The Five Ideas That Matter Most
CUDA can become extremely technical, but five ideas carry most of the conceptual weight.
1. Kernels run on the GPU
The CPU launches special functions that execute on NVIDIA hardware.
2. Kernels launch many threads
A single kernel may create thousands or millions of parallel threads.
3. Threads are organized into blocks and grids
This hierarchy determines how work is divided and how threads cooperate.
4. Memory layout controls performance
Fast GPU code depends on moving data efficiently.
5. Libraries should come before reinvention
CUDA’s optimized libraries often outperform handwritten code and save enormous development time.
Final Thoughts
CUDA changed the GPU from a drawing machine into a general-purpose engine for parallel computation.
It now powers artificial intelligence, scientific discovery, simulation, visual effects, medicine, engineering, finance, and countless invisible systems humming beneath modern technology.

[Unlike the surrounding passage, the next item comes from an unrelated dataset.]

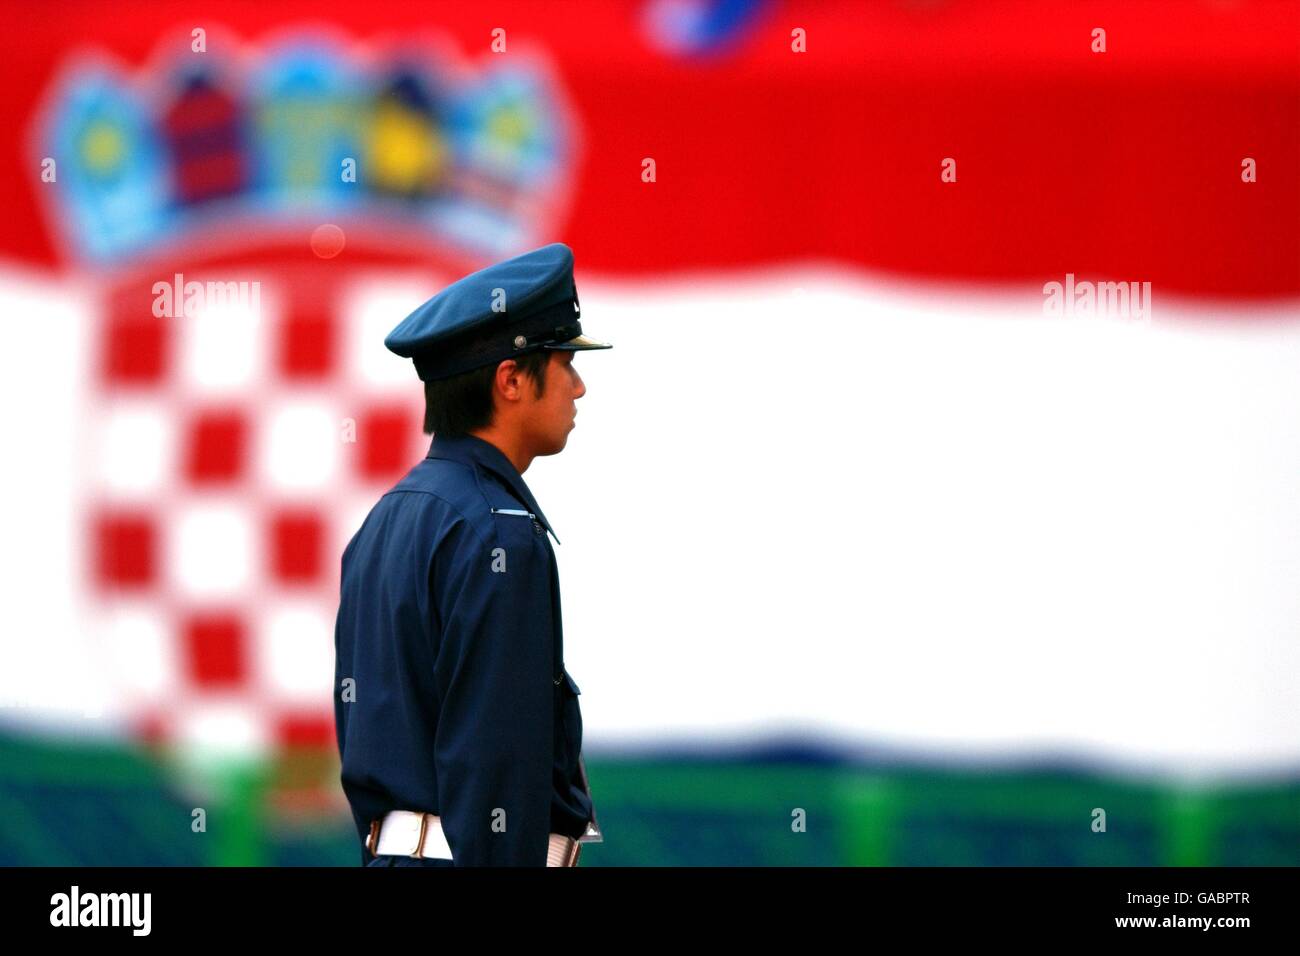 Soccer - FIFA World Cup 2002 - Group G - Croatia v Mexico. A Japanese Police Officer keeps an eye on the Croatia fans Stock Photo

The deepest CUDA lesson is not about syntax.
It is about learning to see a problem differently.
A CPU programmer often asks:
What should happen next?
A CUDA programmer asks:
Which parts of this can happen at the same time?
That shift in perspective is the doorway.
Beyond it waits a strange mechanical cathedral filled with grids, warps, memory banks, Tensor Cores, and thousands of tiny workers carrying numbers through the electric dark.